Molecular characterization of a lysophosphatidylcholine acyltransferase gene belonging to the MBOAT family in Ricinus communis L.

作者信息

Arroyo-Caro José María, Chileh Tarik, Alonso Diego López, García-Maroto Federico

机构信息

Centro de Investigación en Biotecnología Agroalimentaria, Universidad de Almería, Campus de Excelencia Internacional Agroalimentario (CeiA3), CITE-II B, Almería, Spain.

出版信息

Lipids. 2013 Jul;48(7):663-74. doi: 10.1007/s11745-013-3797-z. Epub 2013 May 23.

DOI:10.1007/s11745-013-3797-z
PMID:23700249
Abstract

Acyl-CoA:lysophosphatidylcholine acyltransferase (LPCAT, EC 2.3.1.23) catalyzes acylation of lysophosphatidylcholine (lysoPtdCho) to produce phosphatidylcholine (PtdCho), the main phospholipid in cellular membranes. This reaction is a key component of the acyl-editing process, involving recycling of the fatty acids (FA) mainly at the sn-2 position of PtdCho. Growing evidences indicate that the LPCAT reaction controls the direct entry of newly synthesized FA into PtdCho and, at least in some plant species, it has an important impact on the synthesis and composition of triacylglycerols.
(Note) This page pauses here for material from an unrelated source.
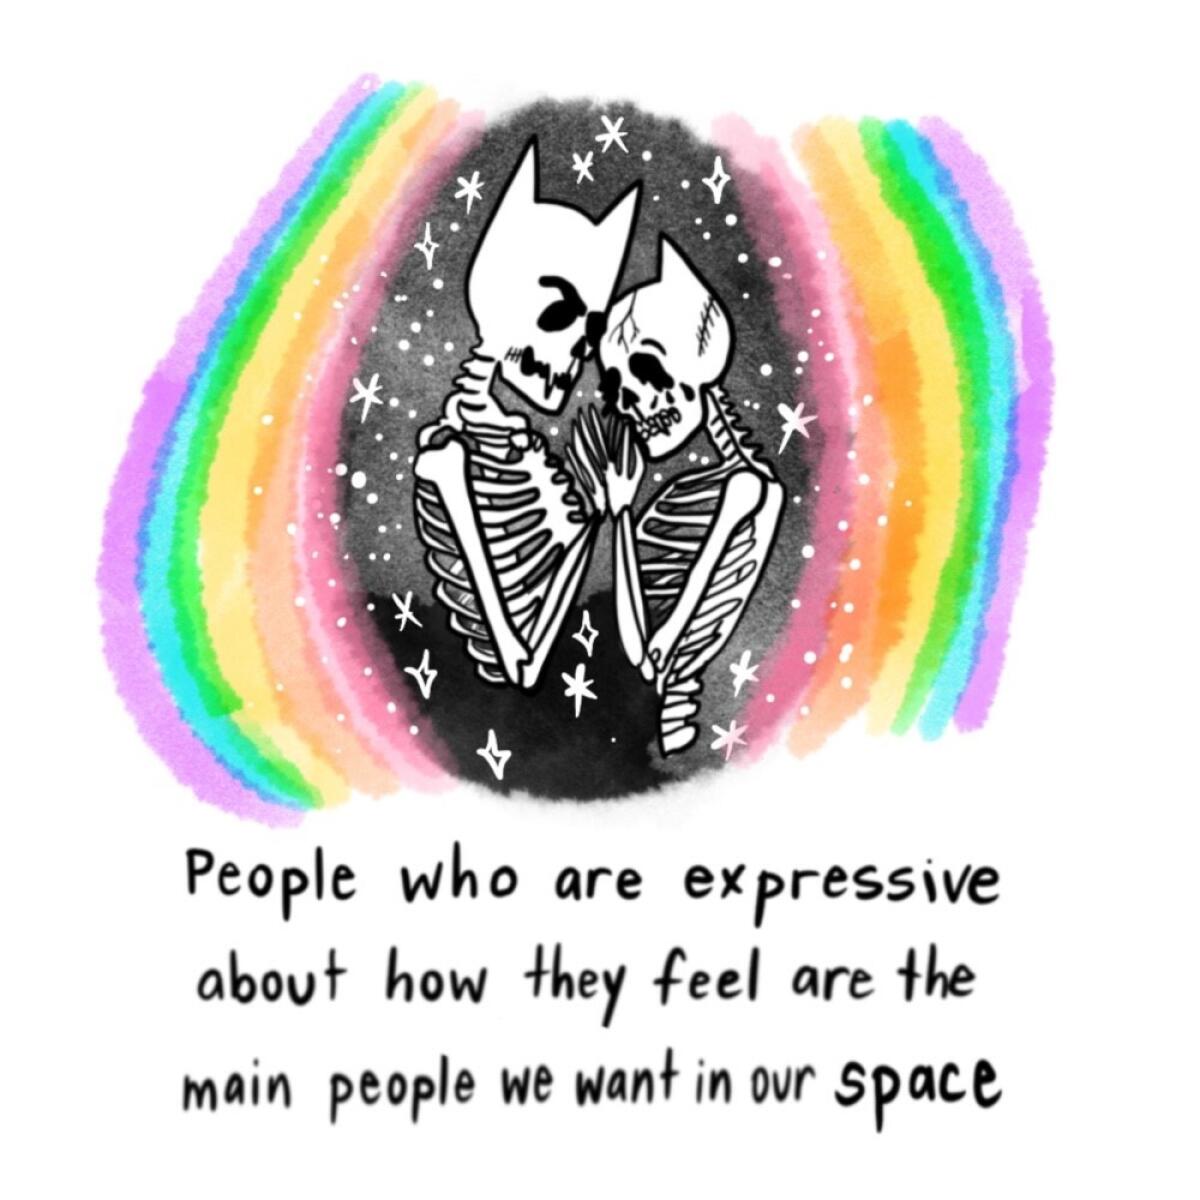 An illustration with the words: "People who are expressive about how they feel are the main people we want in our space."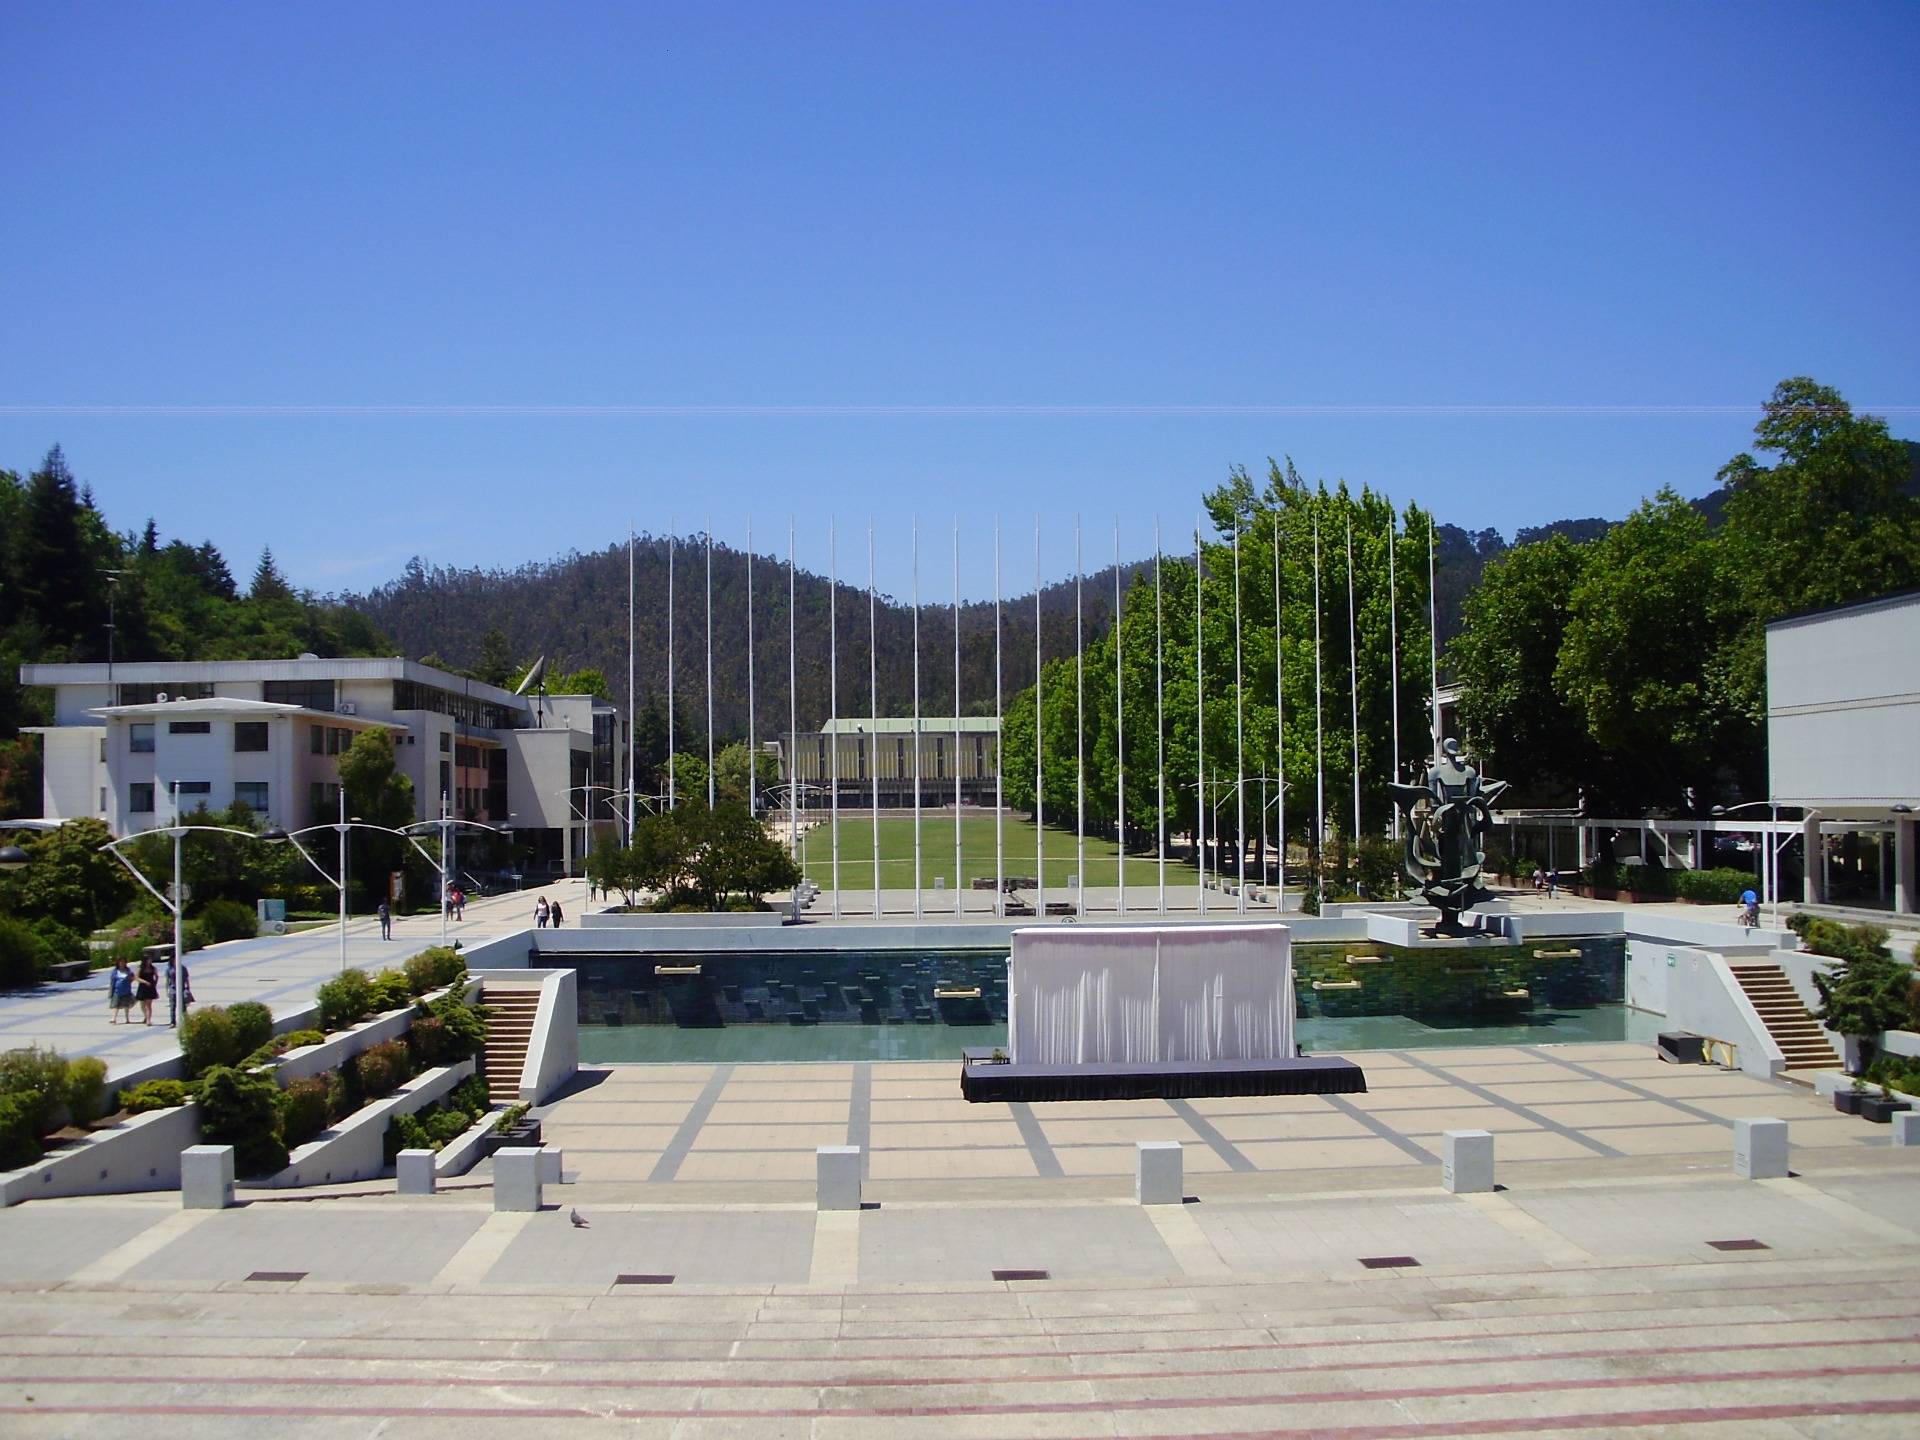 Central area of the university campu

Here we describe the molecular characterization of the single LPCAT gene found in the genome of Ricinus communis (RcLPCAT) that is homologous to LPCAT genes of the MBOAT family previously described in Arabidopsis and Brassica. RcLPCAT is ubiquitously expressed in all organs of the castor plant. Biochemical properties have been studied by heterologous expression of RcLPCAT in the ale1 yeast mutant, defective in lysophospholipid acyltransferase activity. RcLPCAT preferentially acylates lysoPtdCho against other lysophospholipids (lysoPL) and does not discriminates the acyl chain in the acceptor, displaying a strong activity with alkyl lysoPL. Regarding the acyl-CoA donor, RcLPCAT uses monounsaturated fatty acid thioesters, such as oleoyl-CoA (18:1-CoA), as preferred donors, while it has a low activity with saturated fatty acids and shows a poor utilization of ricinoleoyl-CoA (18:1-OH-CoA). These characteristics are discussed in terms of a possible role of RcLPCAT in regulating the entry of FA into PtdCho and the exclusion from the membranes of the hydroxylated FA.

摘要

酰基辅酶A:溶血磷脂酰胆碱酰基转移酶(LPCAT,EC 2.3.1.23)催化溶血磷脂酰胆碱(lysoPtdCho)的酰化反应,生成磷脂酰胆碱(PtdCho),即细胞膜中的主要磷脂。该反应是酰基编辑过程的关键组成部分,主要涉及脂肪酸(FA)在PtdCho的sn-2位上的循环利用。越来越多的证据表明,LPCAT反应控制新合成的FA直接进入PtdCho,并且至少在某些植物物种中,它对三酰甘油的合成和组成具有重要影响。在这里,我们描述了在蓖麻基因组中发现的单个LPCAT基因(RcLPCAT)的分子特征,该基因与先前在拟南芥和油菜中描述的MBOAT家族的LPCAT基因同源。RcLPCAT在蓖麻植株的所有器官中普遍表达。通过在缺乏溶血磷脂酰转移酶活性的ale1酵母突变体中异源表达RcLPCAT来研究其生化特性。与其他溶血磷脂(lysoPL)相比,RcLPCAT优先酰化lysoPtdCho,并且在受体中不区分酰基链,对烷基lysoPL表现出很强的活性。关于酰基辅酶A供体,RcLPCAT使用单不饱和脂肪酸硫酯,如油酰辅酶A(18:1-CoA)作为首选供体,而它对饱和脂肪酸的活性较低,对蓖麻油酸辅酶A(18:1-OH-CoA)的利用率较差。本文根据RcLPCAT在调节FA进入PtdCho以及将羟基化FA排除在膜外的可能作用对这些特性进行了讨论。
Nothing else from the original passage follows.